Después de un inicio de temporada que más parecía encaminado a perder el título que a poder conservarlo, entre los éxitos de Hamilton y los fiascos de Rosberg, el mundial se ha dado la vuelta, y el campeón ya está con 19 puntos de ventaja sobre su compañero, cuando hace poco estaba 43 por detrás

Mientras Lewis Hamilton está claramente posicionado en el tobogán de subida, Nico Rosberg lo está en el de bajada. Pocas oportunidades tendrá el alemán de volver a disponer de casi 2 carreras de ventaja sobre su compañero de equipo, y muy difícil será que, con 19 puntos de desventaja, Hamilton vuelva a darle la oportunidad de disputarle un título que, hace 5 carreras, parecía claramente decantado a favor del rubio de Mercedes.

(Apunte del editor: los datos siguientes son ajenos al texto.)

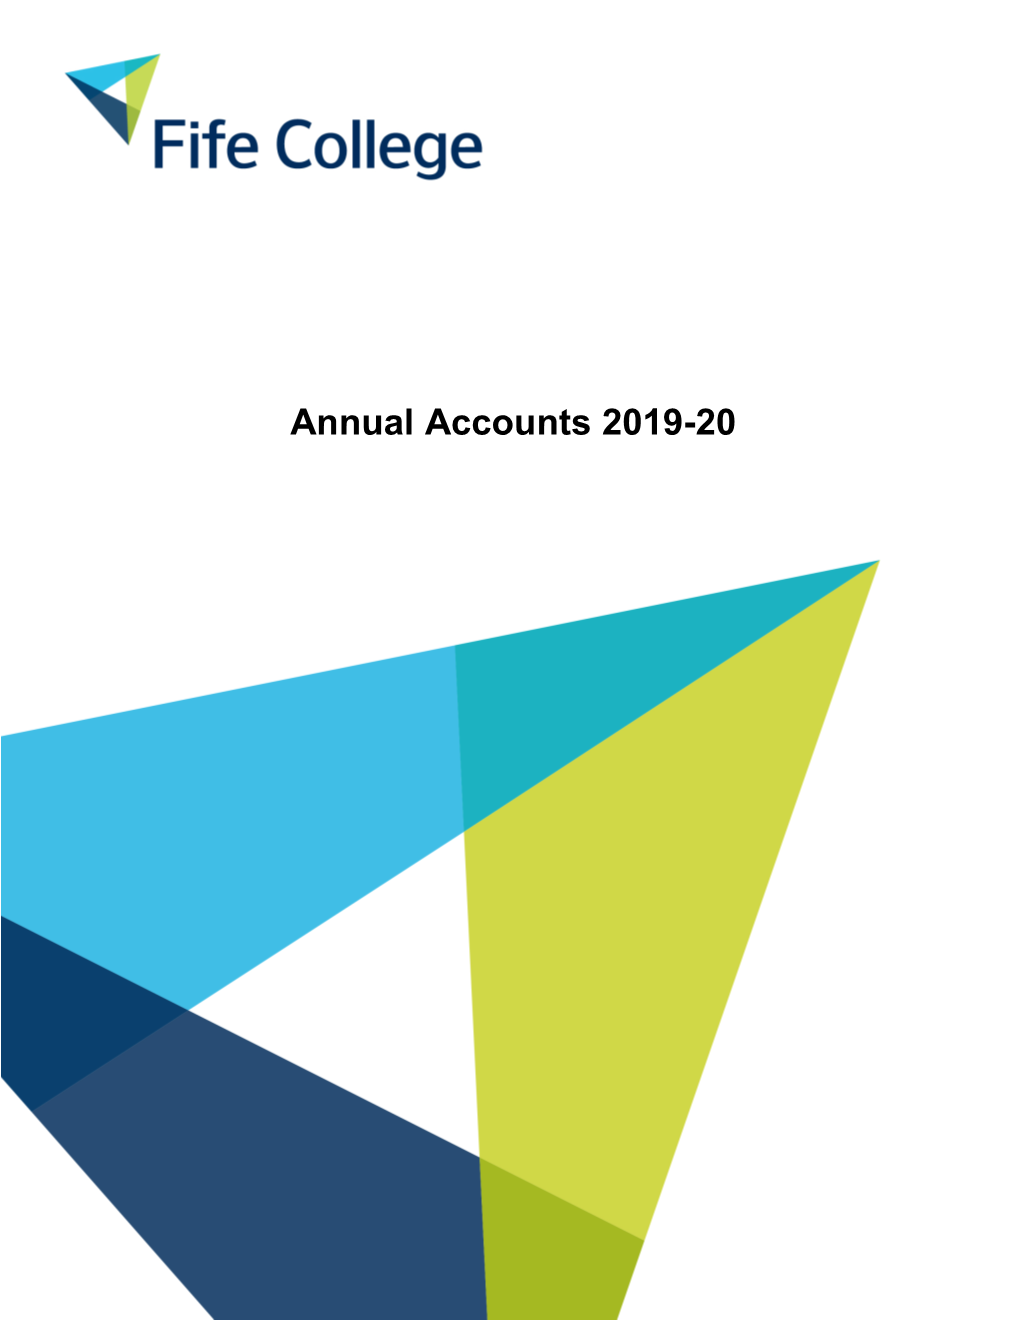 Fife College Annual Accounts 2019-20

Y eso que las dos últimas poles fueron para Rosberg, si bien no fue capaz de aprovechar ninguna de ellas para ganarle la partida a Hamilton. Más bien al contrario. El inglés, que había salido mal prácticamente en todas las ocasiones que tuvo la pole, en las 2 últimas que estuvieron en poder de su compañero de equipo, lo bordó en las salidas, poniéndose 1º, tanto en Hungría como en Alemania, y ganando de calle unas carreras que, prácticamente se decidieron en las salidas o en la primera curva.

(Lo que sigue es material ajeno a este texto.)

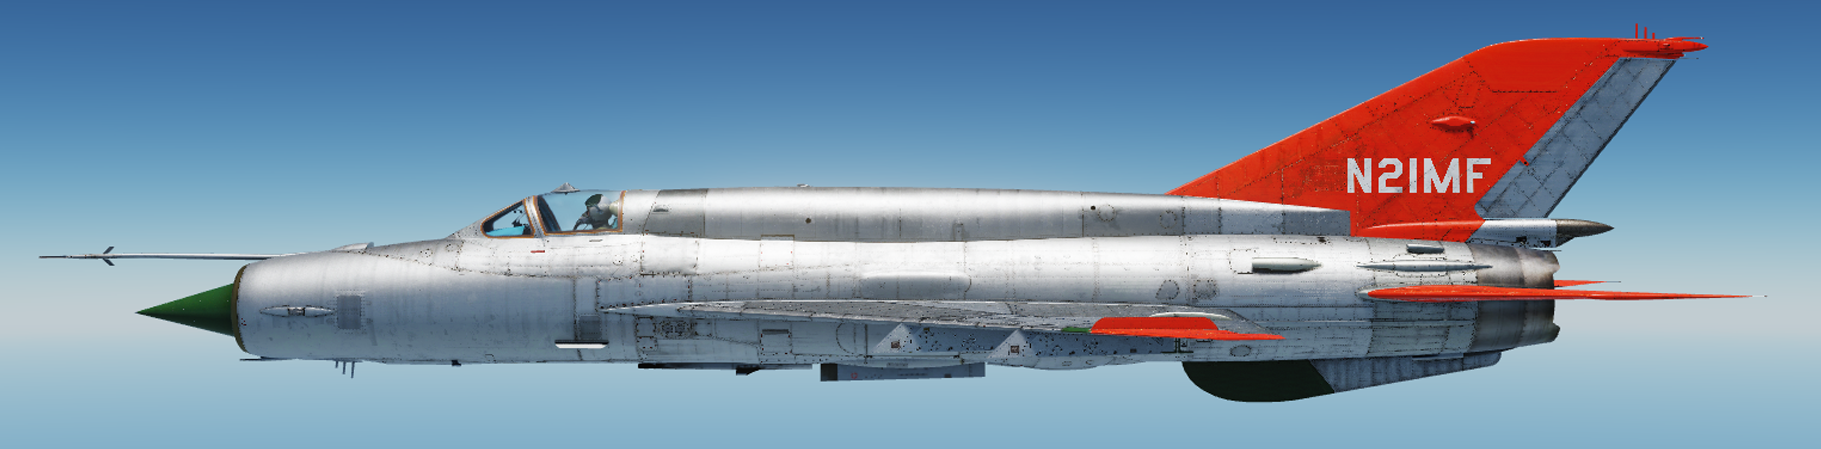 MiG-21, Tracor Systems, N21MF

Ahora, el peor enemigo de Hamilton es el cambio de motor al que estará obligado, y la consiguiente penalización, algo que todo indica se hará en el próximo Gran Premio, el de Spa, ya que el trazado belga es de los de piloto piloto, y en el que se puede adelantar, de tal forma que, a pesar de la penalización, en Spa sería donde el castigo resultaría más fácil de minimizar, sin descartar, en ningún caso, que Hamilton tuviese que salir 6º o 7º y que, incluso, con una buena estrategia, pudiese hasta luchar por la victoria.

En Alemania, su casa, (aunque vive en Mónaco…), Rosber dilapidó en la salida toda la ventaja que podría significar salir desde la pole, ya que volvió a salir mal y, no solo perdió el primer puesto con Hamilton, sino que fue superado por los Red Bull de Verstappen y Ricciardo que, a la postre, serían los que, aunque en orden inverso, acabarían en el podio a espaldas de Hamilton. En el caso de los Red Bull, y siguiendo órdenes de equipo, Verstappen se “dejó” adelantar por Ricciardo, asegurando un 2-3 y superando con los puntos conseguidos en Alemania a Ferrari en el 2º puesto por escuderías.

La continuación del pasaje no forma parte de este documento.